Polls Rebuff Media Pundits: Abortion a Key Political Issue in 2008

National   |   Steven Ertelt   |   Nov 12, 2007   |   9:00AM   |   WASHINGTON, DC

Polls Rebuff Media Pundits: Abortion a Key Political Issue in 2008 Email this article
Printer friendly page

by Deal Hudson
November 12, 2007

LifeNews.com Note: Deal W. Hudson is the director of the Morley Institute for Church & Culture, and is the former publisher and editor of CRISIS Magazine, a Catholic monthly. He is the author of six books and his articles and comments have been published in many newspapers and magazines.

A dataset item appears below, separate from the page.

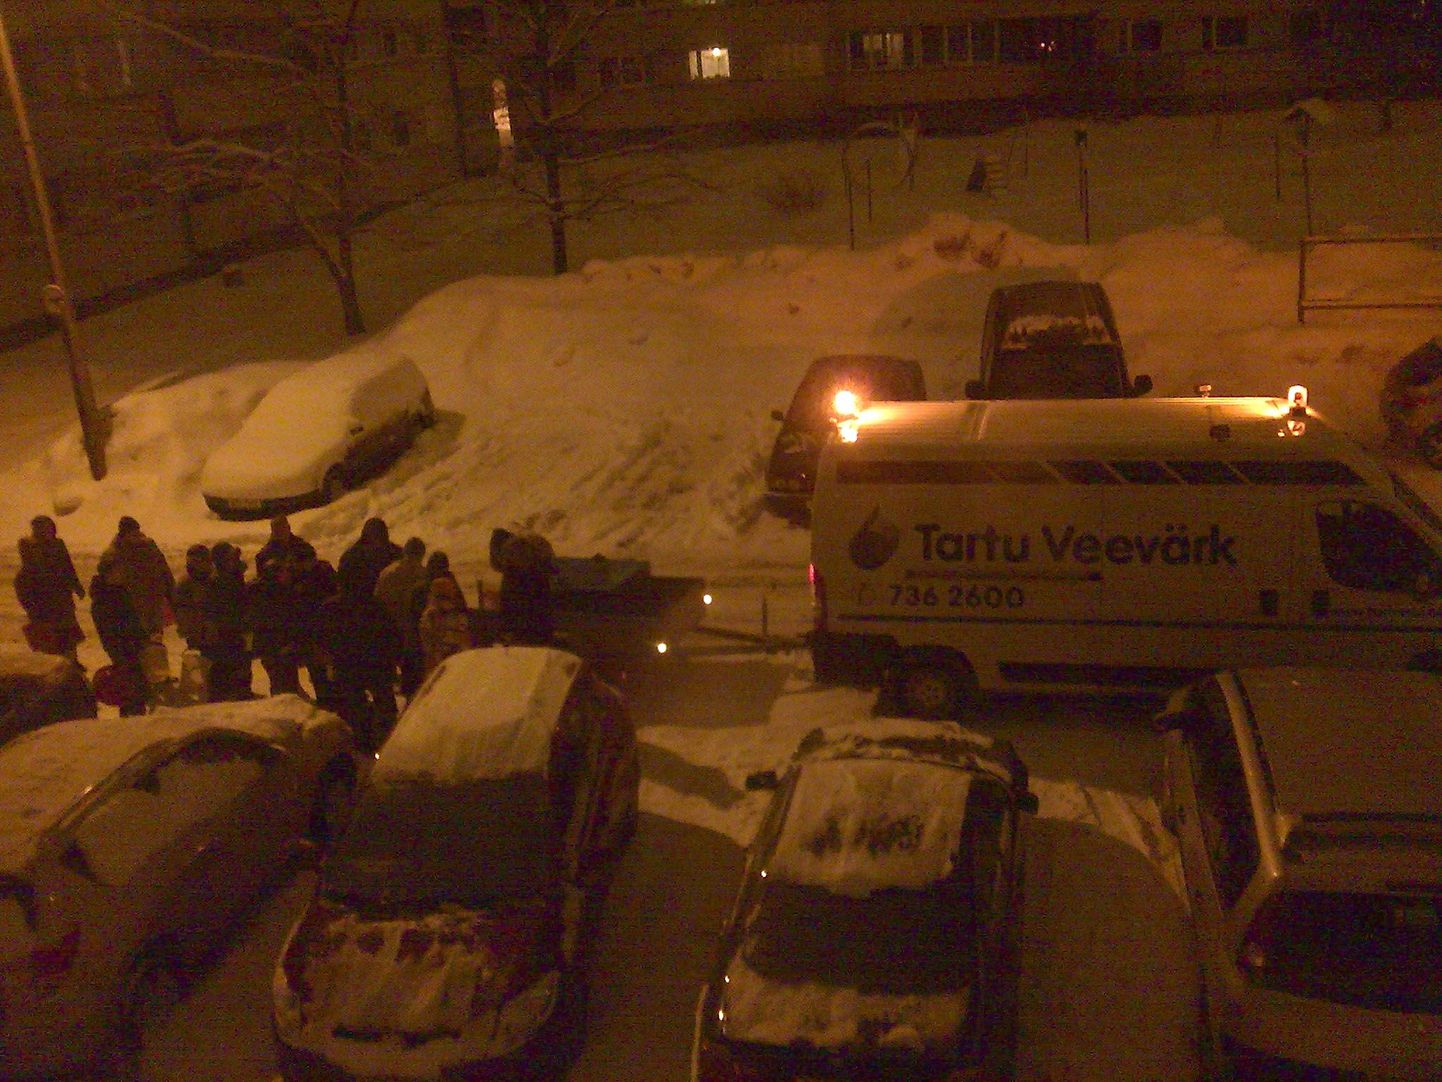 Neljapäeva õhtul kella kümne paiku jagas Tartu Veevärk Kaunase pst 25 ja 26 elanikele vett.

A little-noticed Fox News Channel poll released last week revealed that nearly half of voters — 45 percent — need to know a candidate’s position on abortion before deciding their vote.

The spin put on the poll numbers by the article was that the abortion issue "doesn’t seem to draw as much attention as many think it does," according to John Gorman, Chairman of Opinion Dynamics.

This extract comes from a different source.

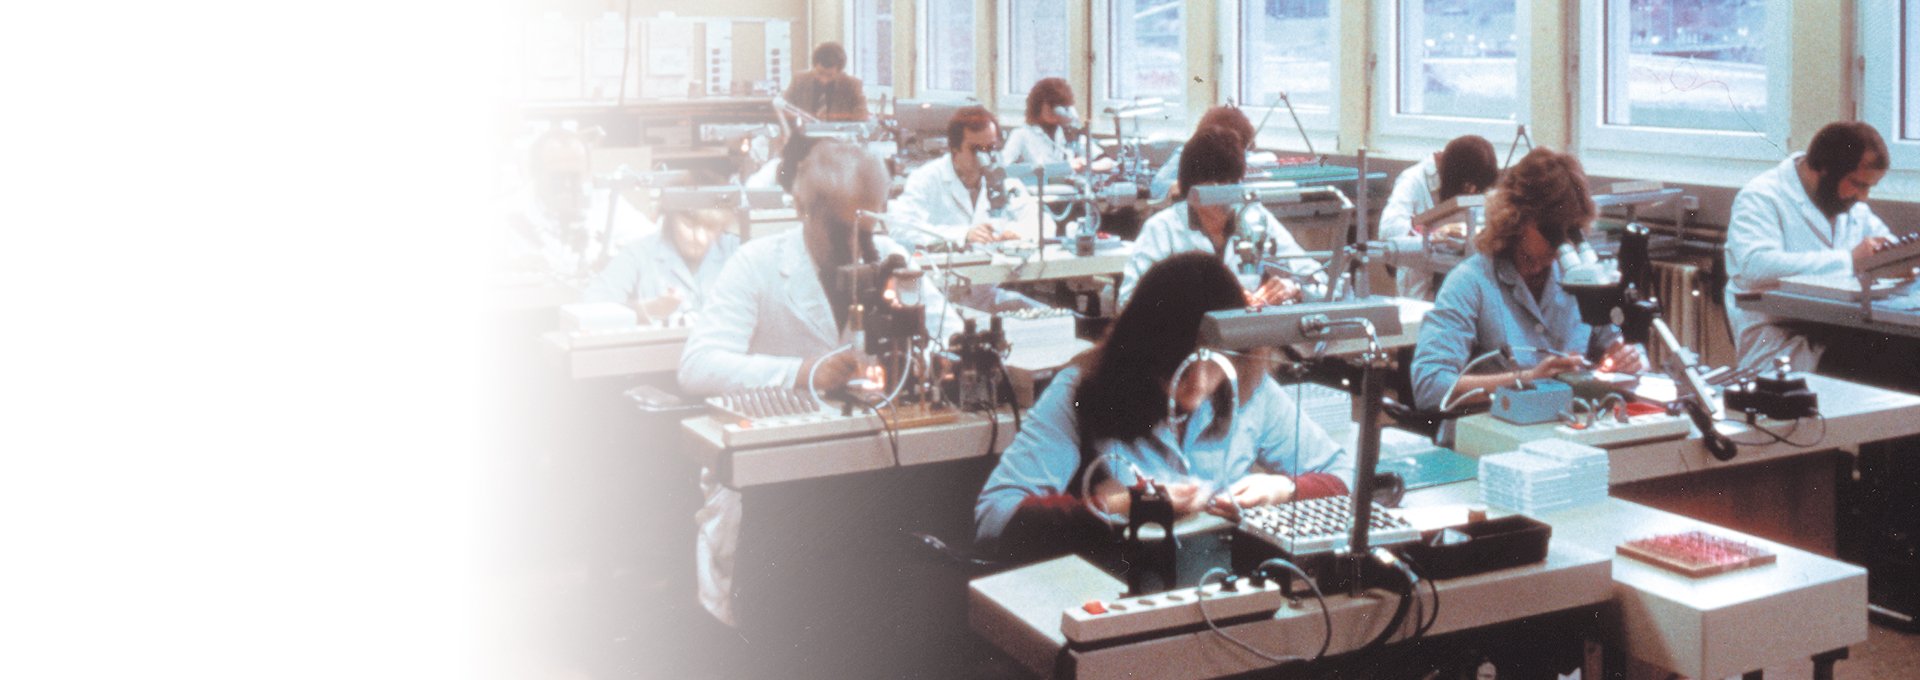 Stare zdjęcie pokoju pełnego pracowników, pracujących przy produkcji aparatów słuchowych Bernafon, 1989

It seems the pundits are preparing the way for a Hillary-Rudy presidential race where the life issues don’t matter anymore. Yesterday, for example, Sen. Chuck Schumer (D-NY), gleefully announced the "end of the Reagan Era."

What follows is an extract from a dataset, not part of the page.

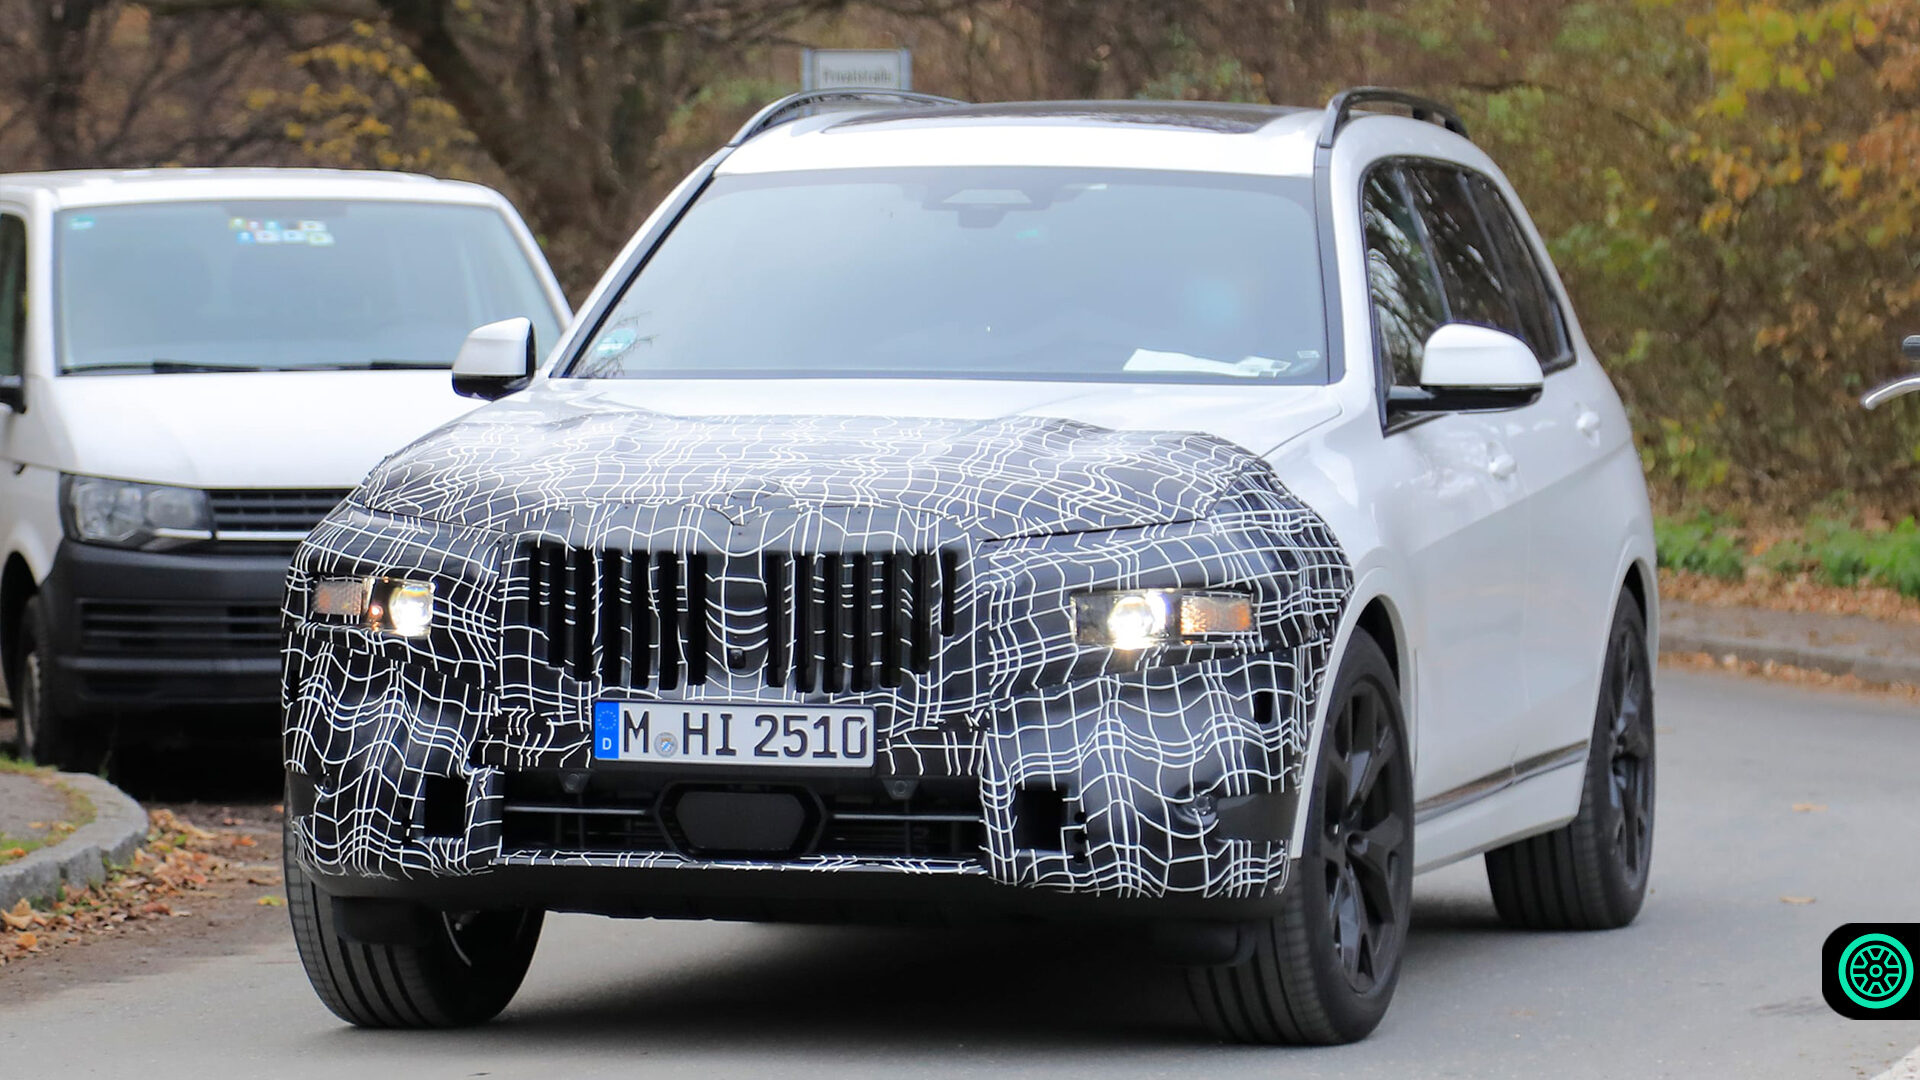 2021 BMW X7 makyajlı olarak Nürburgring'de testlerde görüntülendi 1

But prominent religious leaders, Catholic and Evangelical, think otherwise.

Former Sen. Rick Santorum told me that "abortion continues to be an issue that shakes the conscience of our society. For those who vote on the issue equivocation is not acceptable."

Bill Donohue, president of the Catholic League for Civil and Human Rights told me:

“The poll results demonstrate that abortion is anything but a side issue. The American people may be conflicted on the subject — they want abortion to be legal but limited (limited in both time and purpose) — but it is precisely their own uneasiness with this issue that drives them to demand that candidates for public office square with them about their own positions. In other words, the public is looking for clarity on this issue from their would-be leaders.”

In sum, abortion may not be highly valued when measured against other issues, such as the war in Iraq, but it is the qualifying issue. For nearly half the electorate, how a candidate thinks about abortion is what qualifies him or her for their support.

The poll showed that 56 percent of self-identified pro-lifers qualify candidates this way, as do 41 percent of pro-choice voters.

Pro-life Democrat Mark Stricherz, author of the recent Why the Democrats Are Blue: Secular Liberalism and the Decline of the People’s Party (Encounter Books, 2007), puts it this way: "Our media elites say that Americans don’t care about abortion. But as this poll shows, Americans do care. In fact, enough of them care so much about it that they cost Al Gore and John Kerry the presidency, as the Democratic Party’s own pollsters — such as Stanley Greenberg — confirm."

The level of concern about abortion and other life issues is the legacy of the religious conservative entry into American politics that began with the election of Reagan in 1980. This concern has been thrown into temporary disarray by the lack of a galvanizing pro-life presidential candidate.